I'm one of the 100,000 pedophile priest victims who came forward in archdioceses across the land beginning in the 1990s and because I'm a journalist, I didn't just join a lawsuit, I started a Blog and really pushed the the story forward.
You would think that would get a writer good results. But the reaction I got from people was so horrible, it has a lot to do with why I'm sitting in a room by myself at age 78 so isolated.
Ironically, it's probably the Catholic teaching ingrained so deep inside of me that no matter how bad things get, I can't kill myself.
CofA Blog starts
then CofA Blog 2008
and CofA Blog 2009
and CofA Blog 2010
and CofA Blog 2011
and ongoing at CofA Blog 2012
I'm looking forward to the book by the Epstein victim who accused Prince Andrew arriving in the mail in the next few days so I can see why I feel this affinity for someone who on the surface is so different from me. Stay tuned.
Her book is due tomorrow; She killed- herself April 2025.

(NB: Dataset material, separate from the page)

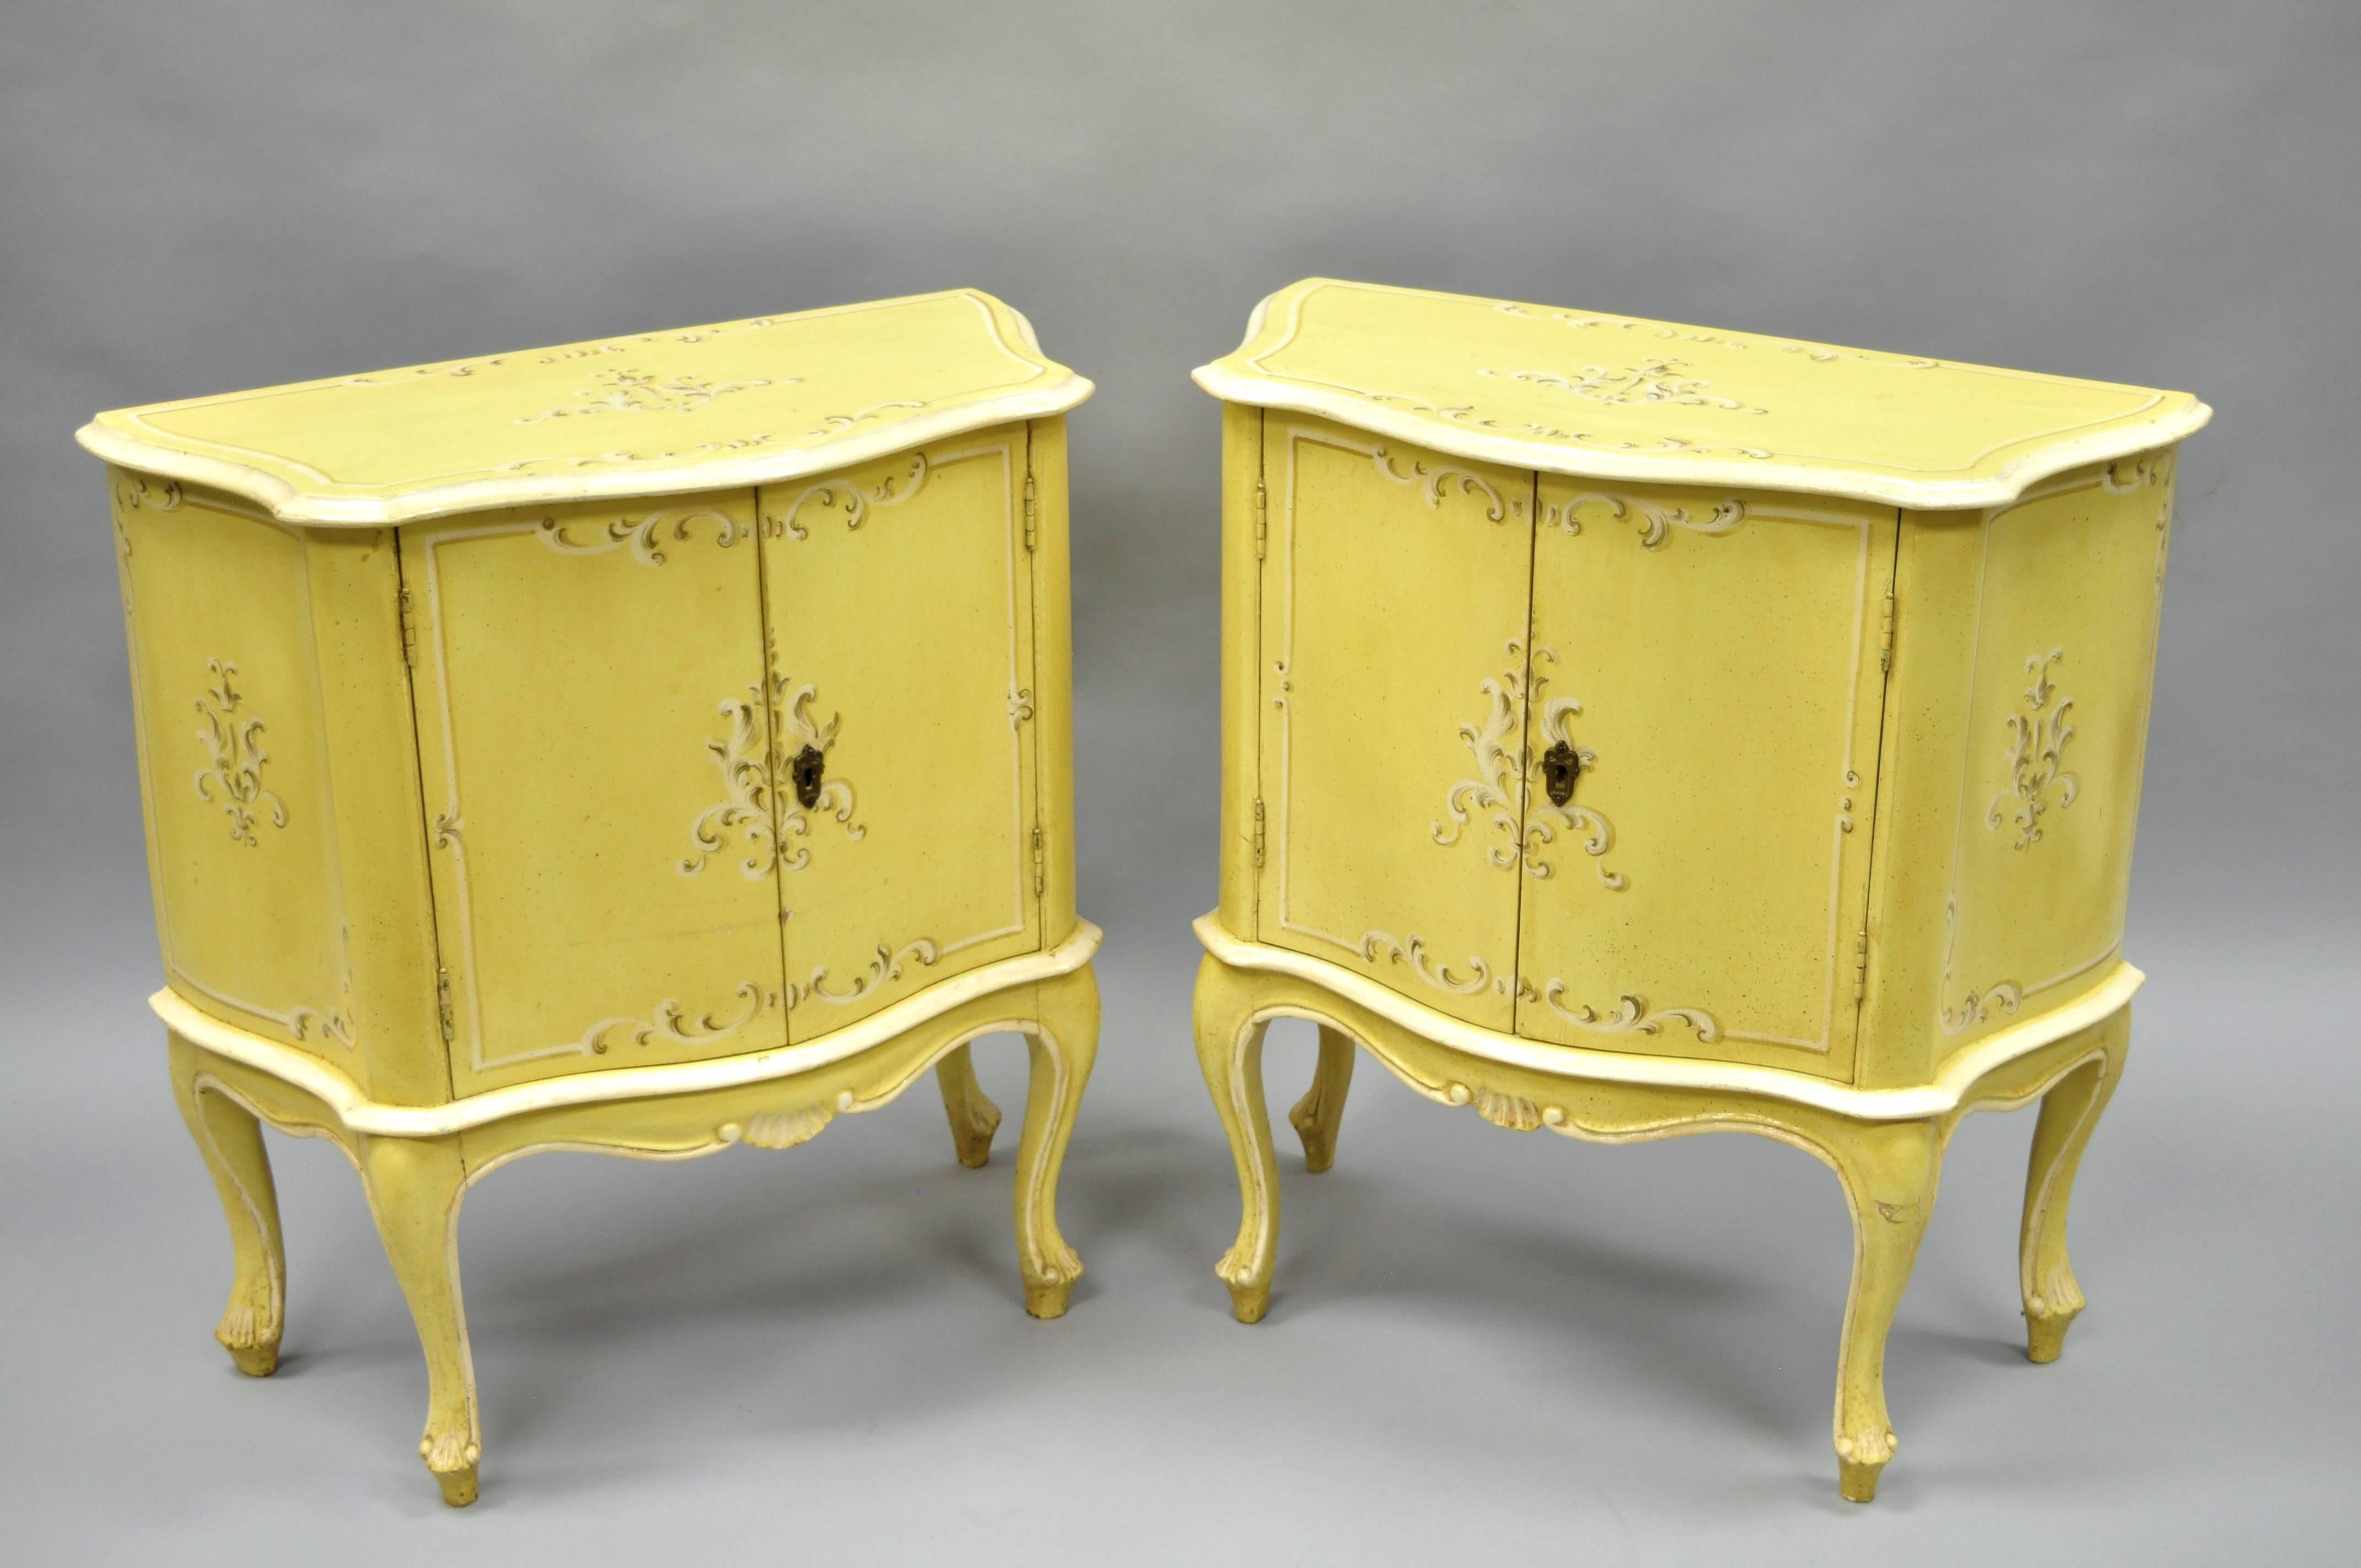 Pair of vintage petite Italian Florentine / Venetian yellow painted bombe commodes / bedside tables. This adorable pair of tables features an antiqued yellow painted finish with floral details to the face, sides, and tops. Chests further feature an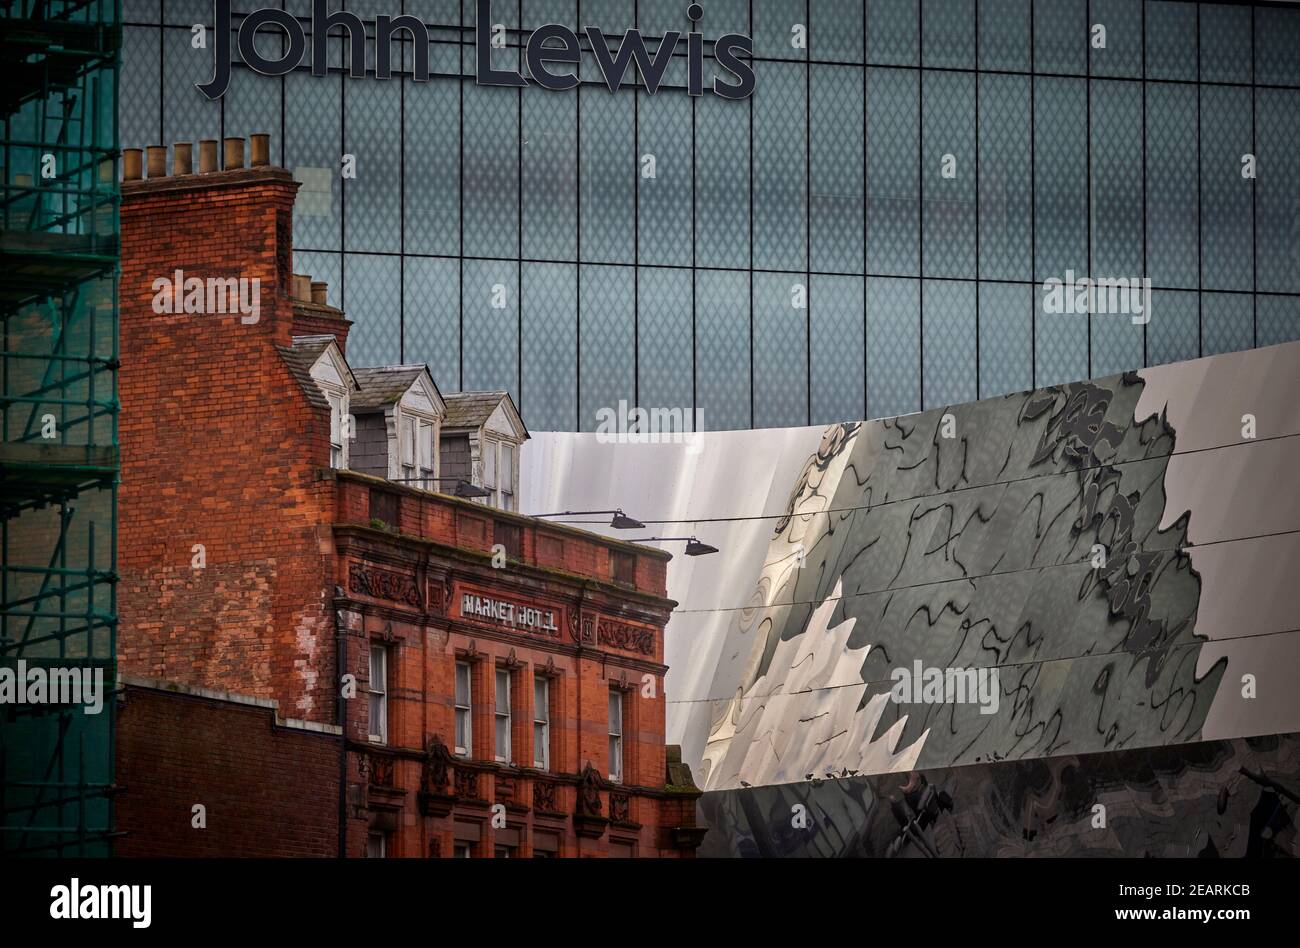 Birmingham John Lewis store and the facia of Market Hotel a purpose built Victorian hotels Stock Photo

but I want to post this in advance saying what I think I'm going to find.
I feel a real affinity for Virginia Guthrie, because I went public about the pedophile priest crimes, and had this bizarre experience; ended up getting bullied so bad I had to move three times, And when my neighbors and new friends found out I was writing about Catholic priests molesting children I got hated everywhere I went.
READ: USA sided with pedophile priests, and soon after, the nation fell, The book I never finished writing; read it here: https://cityofangelslady.blogspot.com/2024/09/prologue.html
Worst of all was the way people responded as if I was the bad guy making me wonder about the whole human race. I mean if you can't get up in arms about ten thousand Catholic priests raping 100,000 children over a 10-35 year period. in the United States alone, and there may have been more, then what are you going to get excited about?
I wonder if Virginia Guthrie had a similar experience to me; so dismayed and disappointed, and then the bad guys being so powerful You get to see them lauded in the Press winning Awards; and in my case they got to my family and turned some of them against me too.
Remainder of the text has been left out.